In Fig. 7 we also present the first steps of the comparison of the experimental data in the PIDE with the LEM. Note that this comparison is carried out on a very basic level here, as the simulations have been carried out for a unique β term, while the exact properties of the individual experiments have been neglected. A ‘point by point’ simulation is an additional open task, where we hope to further elucidate the potential and limits of the LEM. Besides that, it is impressive to see that a less detailed simulation is capable of reproducing the increase and decrease in RBE with β/α for high and low survival levels, respectively, with reasonable accuracy.
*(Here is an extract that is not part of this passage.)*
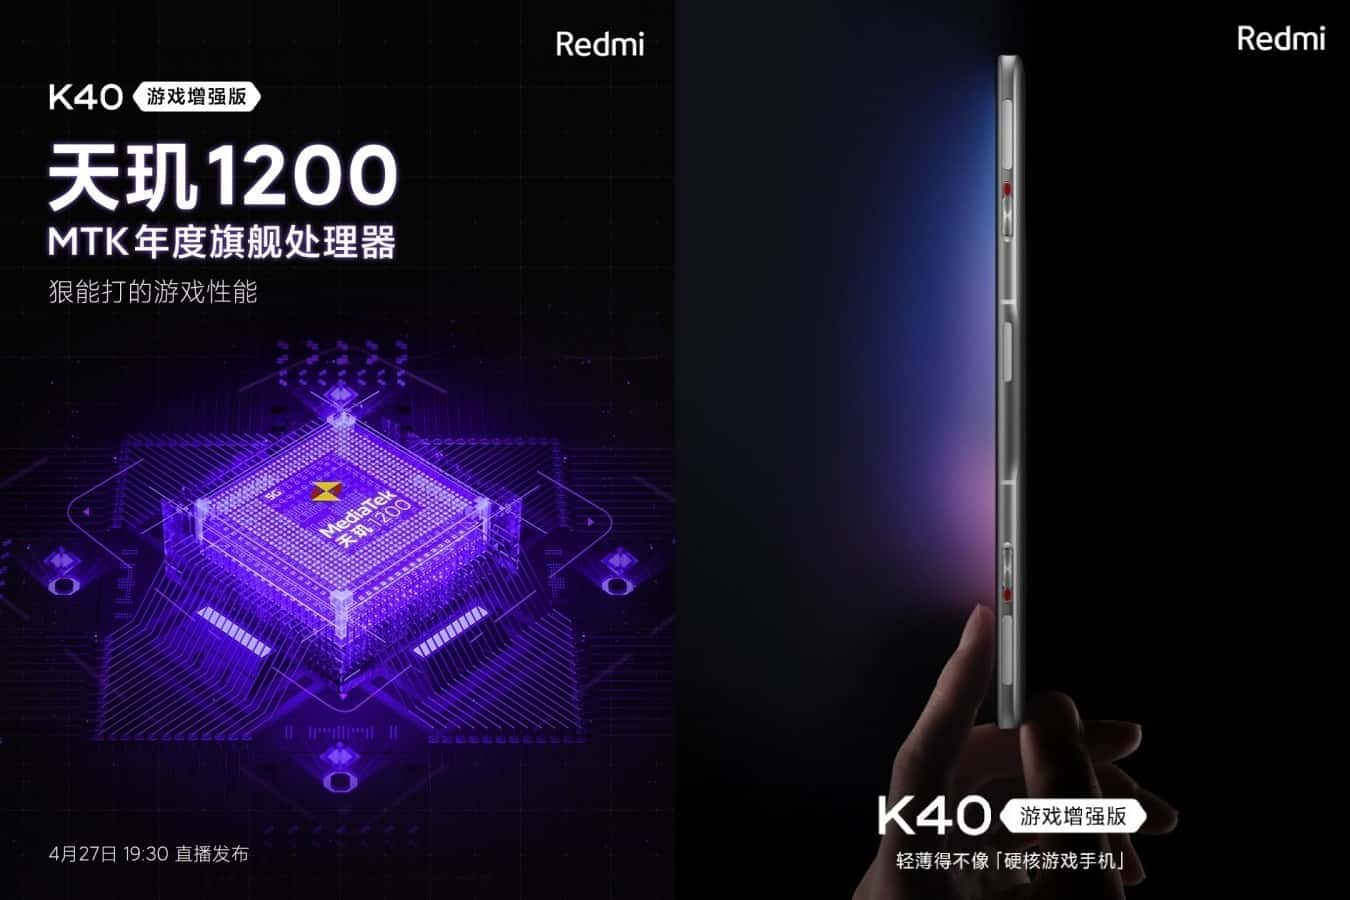 redmi k40 gaming edition

Moreover, if the peak predicted by the LEM simulations for the 10% survival level reflects reality (which cannot be assessed based on the available data), there will be a maximum RBE corresponding to α/β ≈ 10 Gy. Again questioning the meaning for clinical application the existence of such a peak would suggest that carbon ion therapy for tumors with that α/β ratio is particularly useful when applied as a hypofractionated regimen.

While the LEM is based on the considerations within the formalism of amorphous track structure and predicts a variation of β with LET [10], the MKM [12, 13] assumes a fixed β value for all LET. A ‘saturation correction’ at very high LET in the ‘overkill effect’ is taken into account in both models, but acts only on the α term in the MKM, leaving β constant even at high LET values. As can be seen in Fig. 8 the LEM does reveal a sudden decrease of the β term and even predicts the correct ordering, i.e. for HSG cells the falloff takes place at lower LET compared with V79 cells. While the ordering is correct, the absolute LET values for the decrease in β are not predicted correctly. Furthermore, the β term is underestimated for the lower to intermediate LET range. For obtaining the simulation results shown, we used an economic LEM algorithm, deriving the properties of the cell line after ion irradiation from the action of single hits [10]. A full Monte Carlo simulation of the damage induction processes involved in the LEM helps to partially overcome these shortcomings, allowing also a small initial increase of β/βγ [104]. We plan to discuss this improvement in more detail in a separate publication. The RMF model (in combination with a Monte Carlo model for simulating aspects of track structure) predicts continuously increasing characteristics, which does not seem to be dependent on the cell line. In particular for the high LET regime this leads to a large overestimate of the β values. Possible reasons are discussed by the founders of the model [106]. To summarize, none of the models is able to predict the characteristics of the β term in full correspondence with the data, justifying the ongoing concentrated development in RBE models. However, in the context of the focus of this paper it becomes clear that databases generally are a powerful tool for model testing. As has been shown here the PIDE can be used conveniently to exploit the limits of RBE-predicting models. Likewise, the fluctuations in RBE observed in the database give insight into the accuracy level one can expect when applying RBE models to individual survival experiments [104].

Finally, from the discussed examples it becomes clear that the database is a powerful tool for revealing systematic properties of quantities relevant in radiobiology and therapy that may be hard to detect when reviewing a limited number of experiments only. We propose the PIDE as a standard data collection to benchmark RBE models and suggest that it is also suitable for comparing different models. From the PIDE one also can identify biological and/or physical parameters for which not so much experimental information has been available up to now and consequently further experimental work would be desirable, such as for Li, Be and B ions or for higher α/β values. We plan to share the content of the PIDE with the community and put the data on the research section (modelling group) of the website of the GSI biophysics department, where they can be downloaded after contacting the authors to obtain access. In the future we plan to maintain the PIDE continuously by inputting more data. For that reason, we invite the researchers in the field to make us aware of any suitable dataset that is missing in the PIDE.

FUNDING

This work was partially supported by Siemens Healthcare, Erlangen, Germany.